Let $U \subset \mathbb R^2$ be an open, regular (meaning $U$ is the interior of its closure), bounded and simply connected set. Let $\gamma : [0,1] \rightarrow \partial U$ be a simple curve such that $\gamma(0) \neq \gamma(1)$.
Is $\partial U \setminus \gamma((0,1))$ still connected ?
I think this should be true. Assume for a contradiction that this is not the case. Let $K$ be the connected component $\{\gamma(0)\} \subset K \subsetneq \partial U \setminus \gamma((0,1))$, where we remark that $K$ and $\partial U \setminus \gamma((0,1))$ are compact. By Zoretti's Theorem, for any $\varepsilon > 0$, we can find a simple closed curve $J : [0,1] \rightarrow \mathbb R^2$ for which $$ K \subset \mathrm{int}(J), \quad J \cap \left( \partial U \setminus \gamma((0,1)) \right) = \emptyset, \quad \mathrm{dist}(K, j) \leq \varepsilon \quad \forall j\in J $$
Note that $J$ cannot be contained in $U$ (otherwise, $K \subset \mathrm{int}(J) \subset U$ which contradicts the regularity of $U$) and $J$ can only cross $\partial U$ through $\gamma((0,1))$.

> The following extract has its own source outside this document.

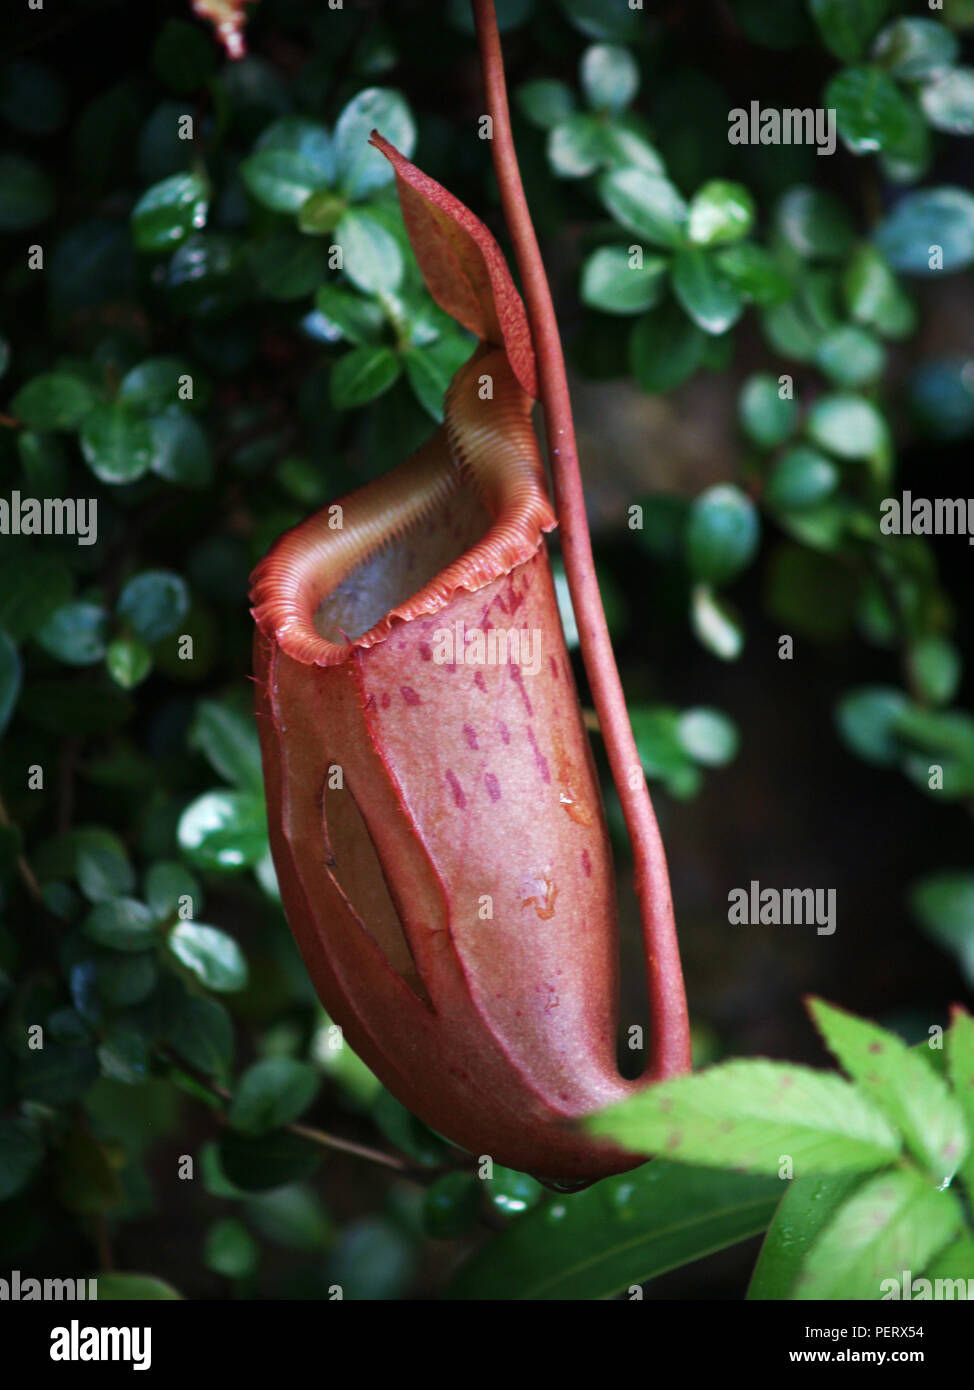 Cup of pitcher plant prepare to catch quarry Stock Photo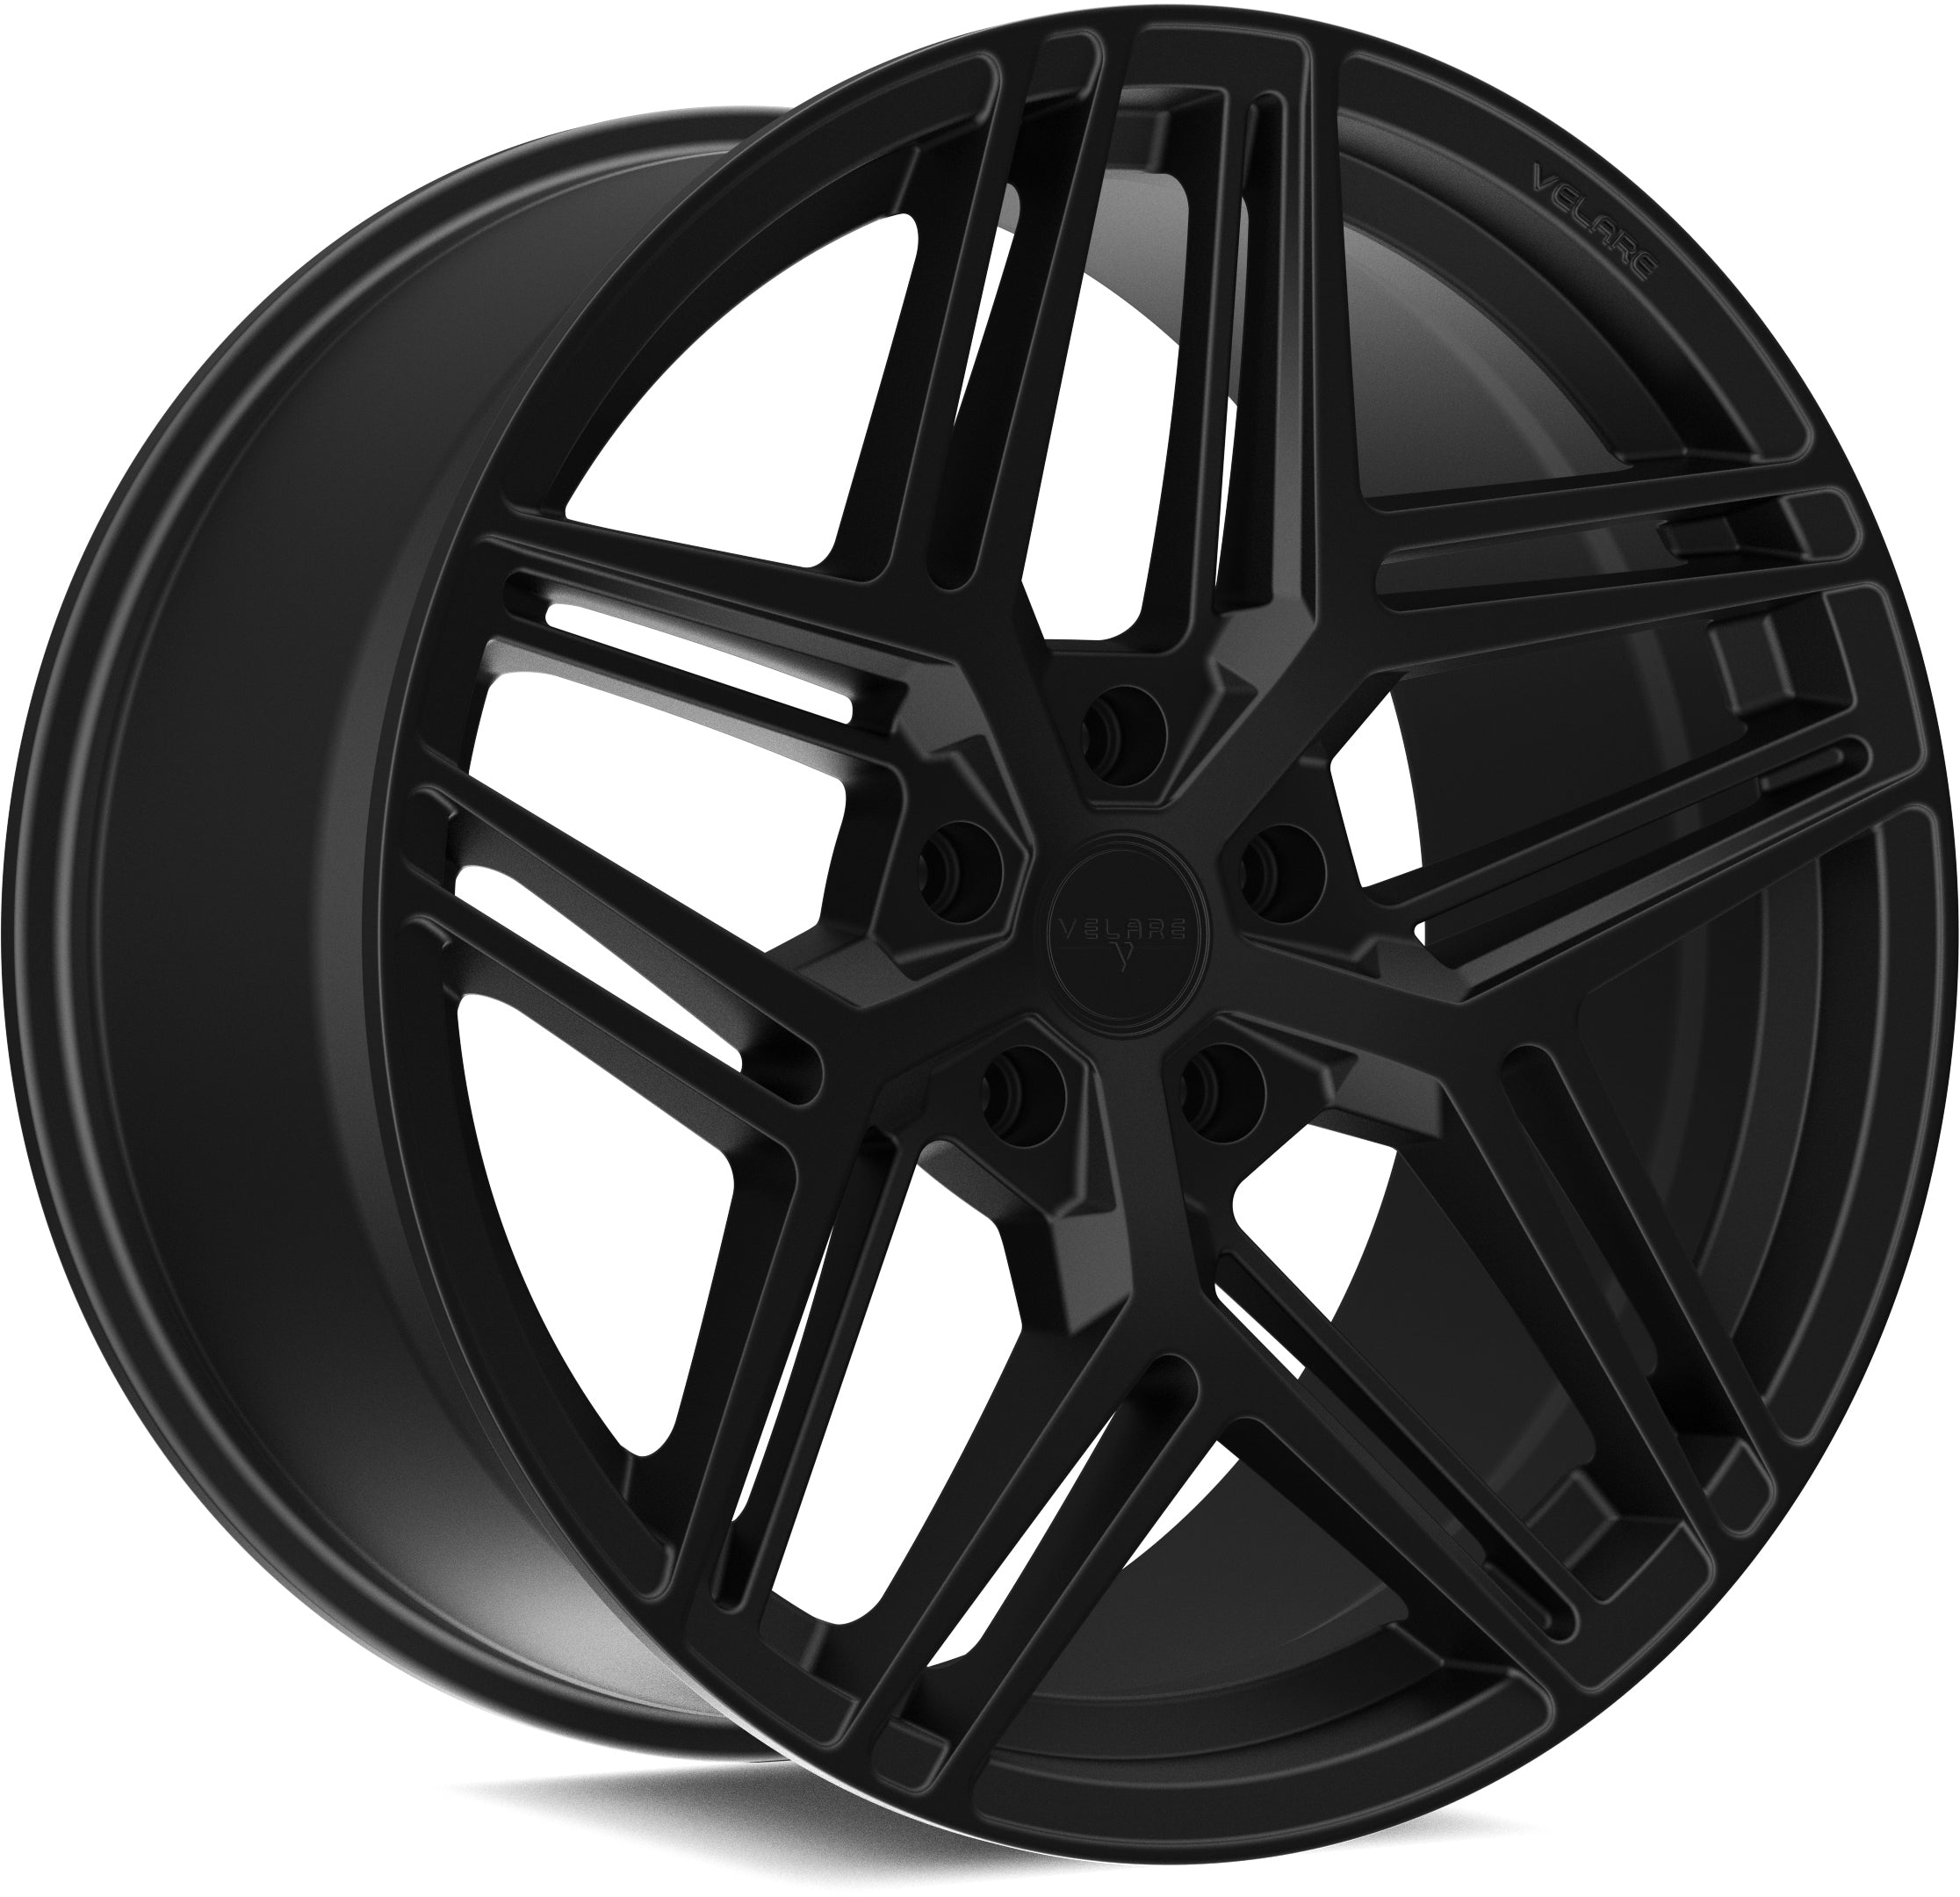 VLR16 Wheel and Tyre Package-Alloy wheels-Velare- DC Leisure

I think we should be able to deduce from this that $\gamma(0)$ would actually lie on the exterior of $J$ but I am not able to complete my proof.
Any help is welcomed.
EDIT : This is related to the notion of cross-cut. A cross-cut $\phi$ leads to a decomposition of $U$ into two simply connected domains, whose boundaries are then connected and contain $\phi$. What would happen to these boundaries if one removed $\phi$ ?
EDIT 2 : My above argument is incorrect because $\gamma((0,1))$ is not necessarily open in $\partial U$ topology and this is what leads to the counter-example below.